**Exercise objective**.
Once the pictures are set aside, repeat all of the data below exactly.

**Data segment**.

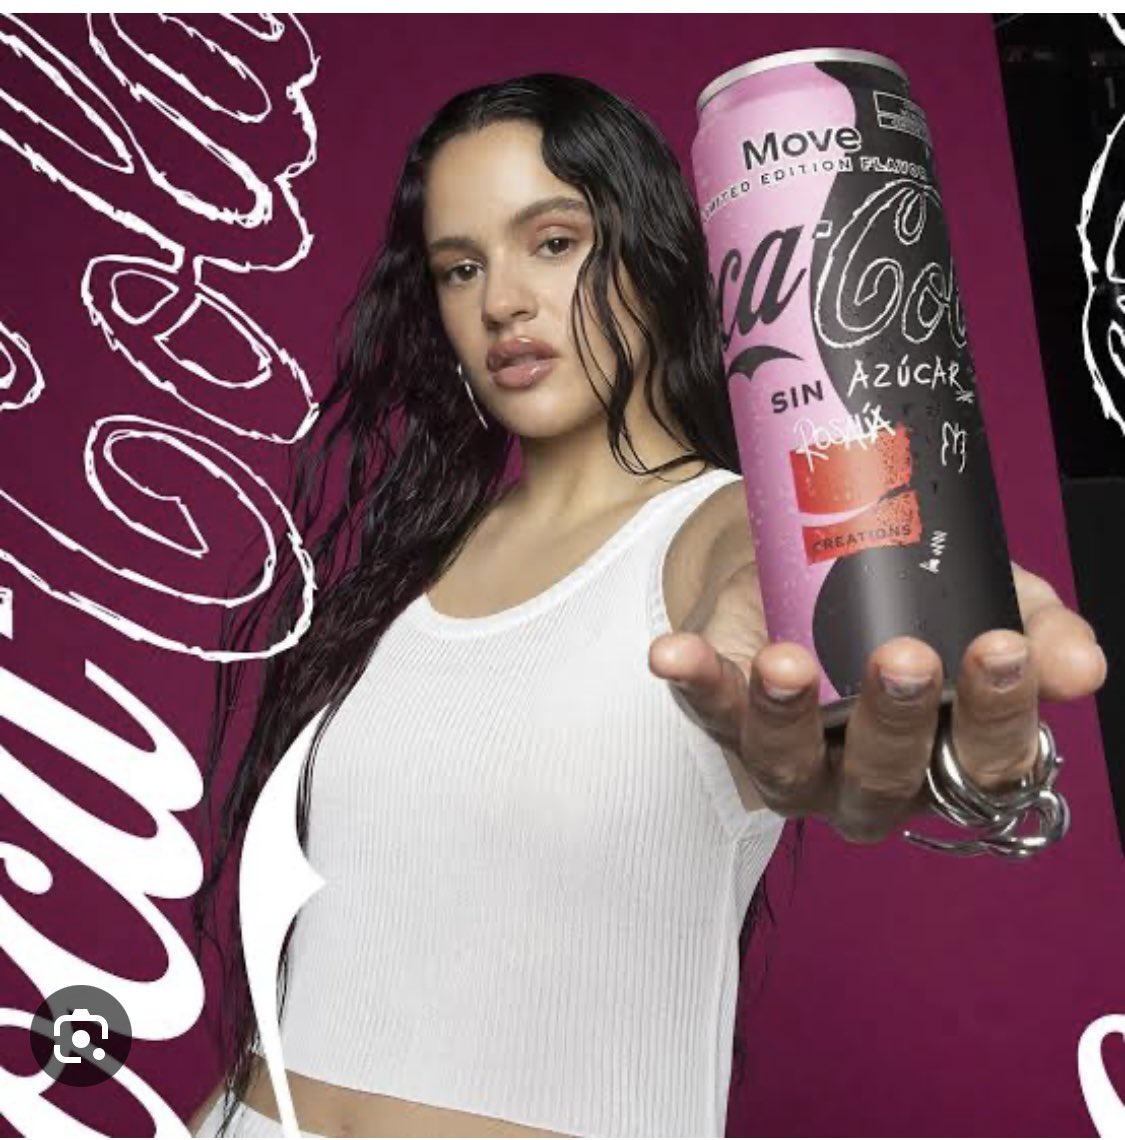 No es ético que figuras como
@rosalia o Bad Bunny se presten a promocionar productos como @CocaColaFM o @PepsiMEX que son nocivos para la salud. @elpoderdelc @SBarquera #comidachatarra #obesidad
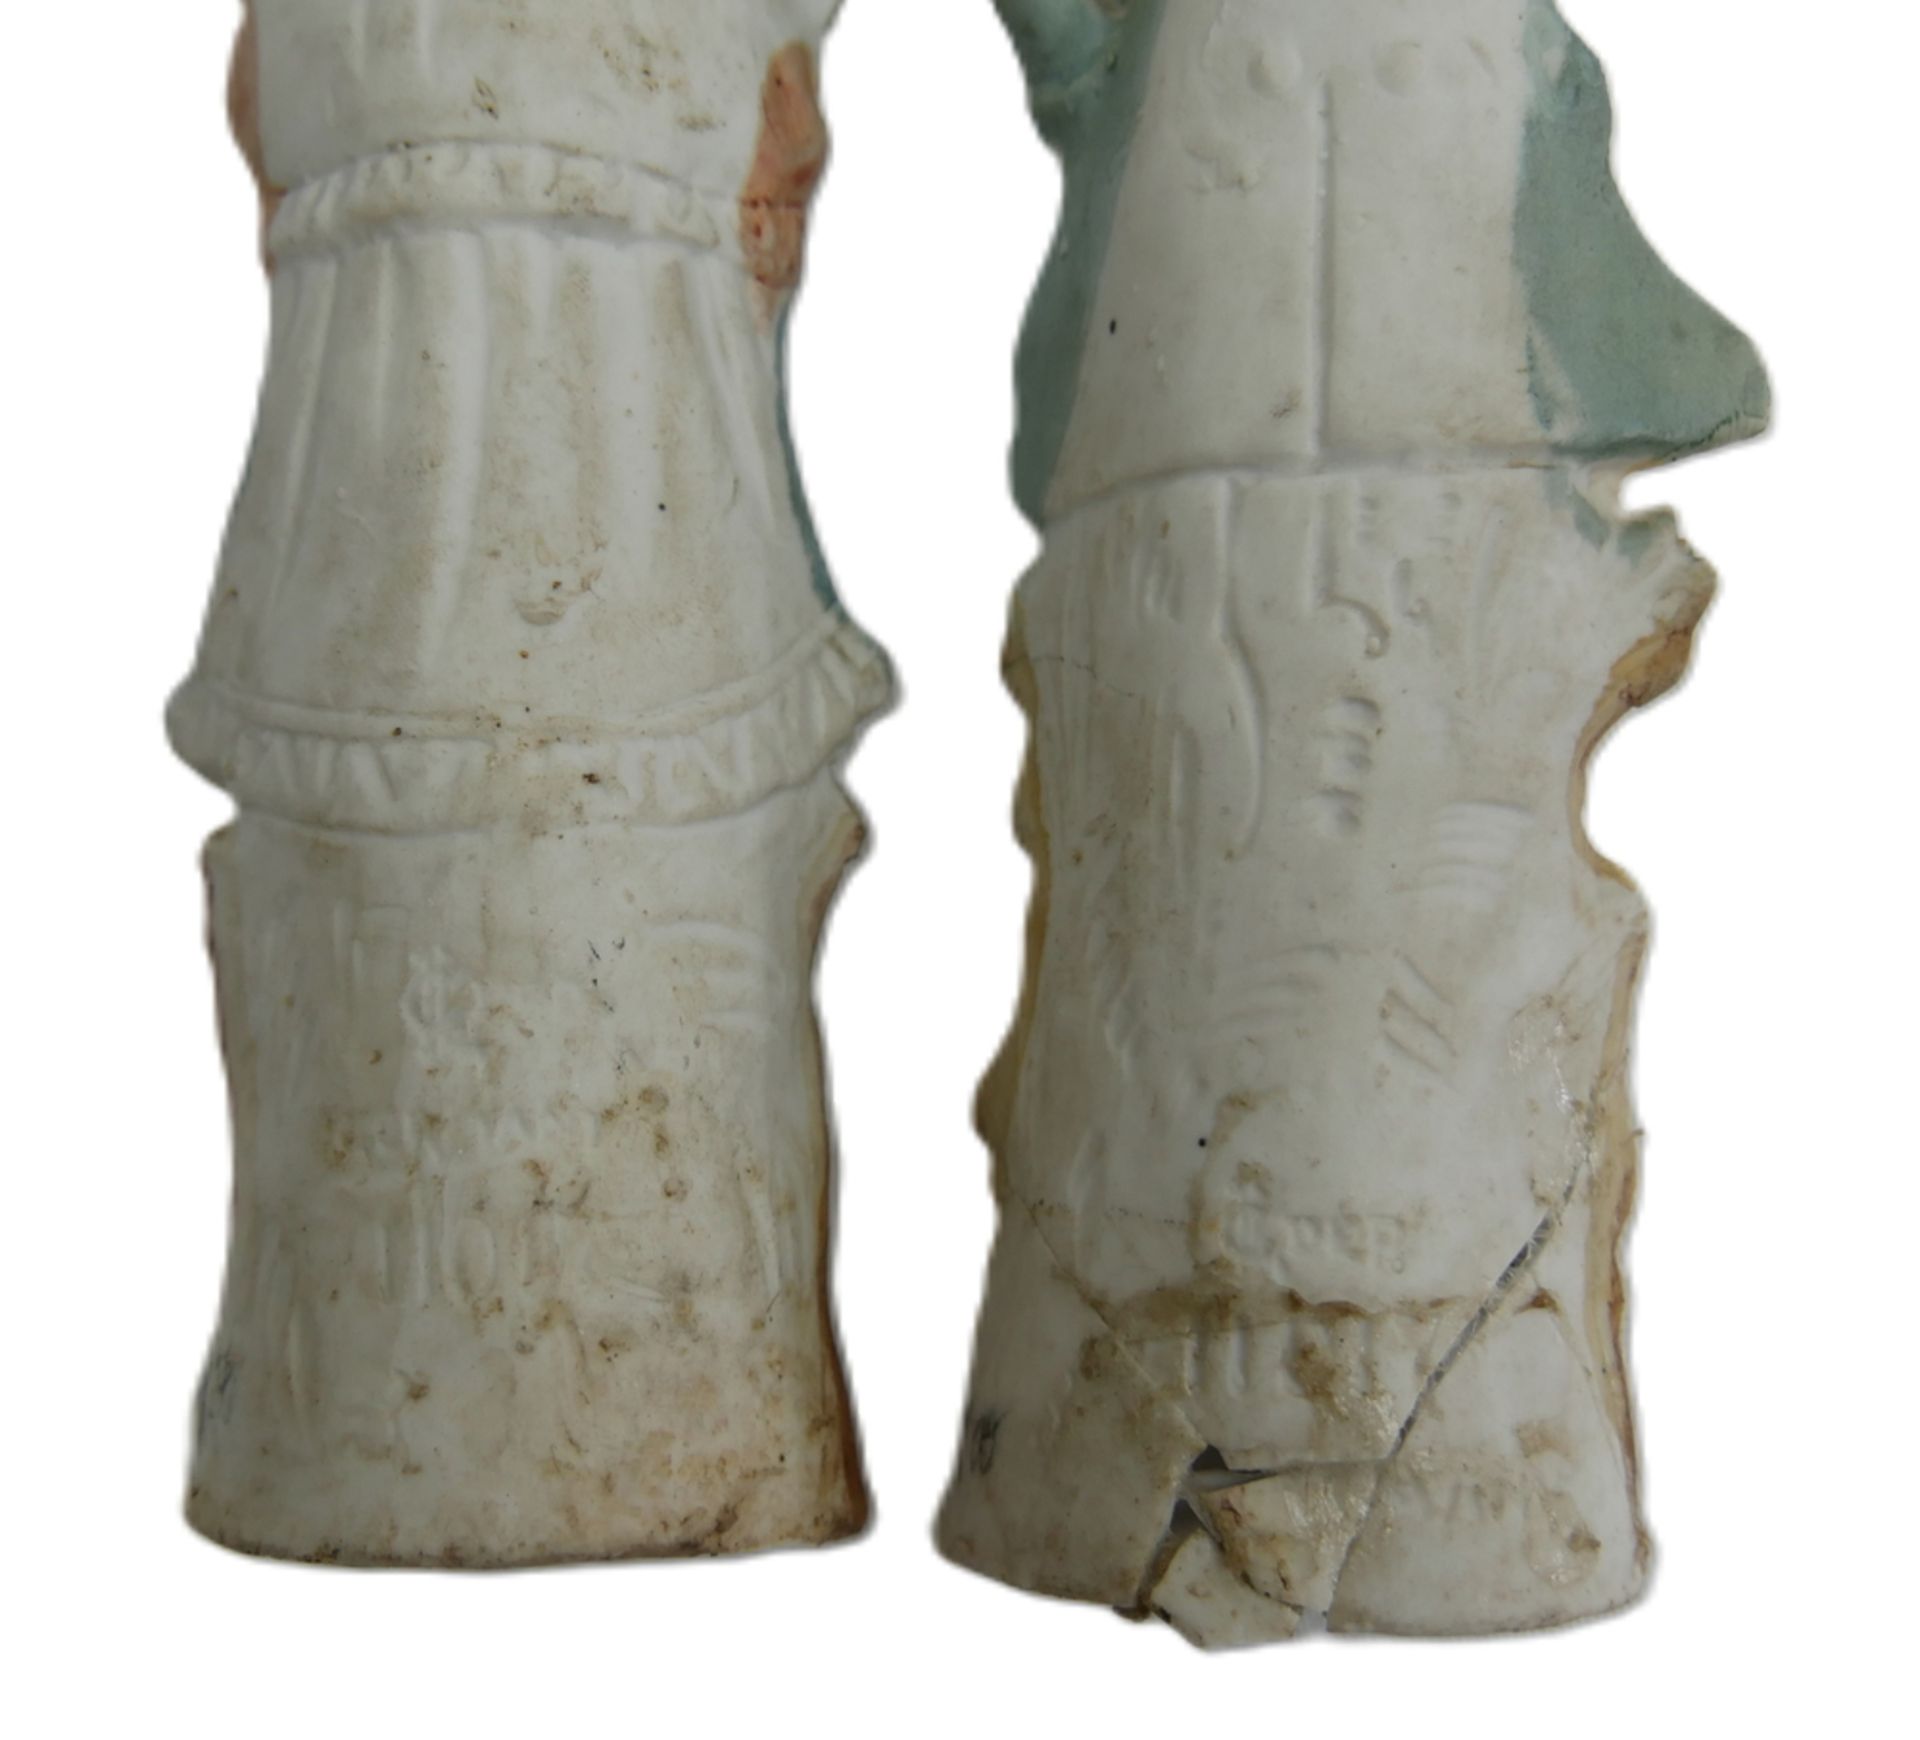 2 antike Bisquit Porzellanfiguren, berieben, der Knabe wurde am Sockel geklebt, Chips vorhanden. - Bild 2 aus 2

**Finished exercise**.
 No es ético que figuras como
@rosalia o Bad Bunny se presten a promocionar productos como @CocaColaFM o @PepsiMEX que son nocivos para la salud. @elpoderdelc @SBarquera #comidachatarra #obesidad
 2 antike Bisquit Porzellanfiguren, berieben, der Knabe wurde am Sockel geklebt, Chips vorhanden. - Bild 2 aus 2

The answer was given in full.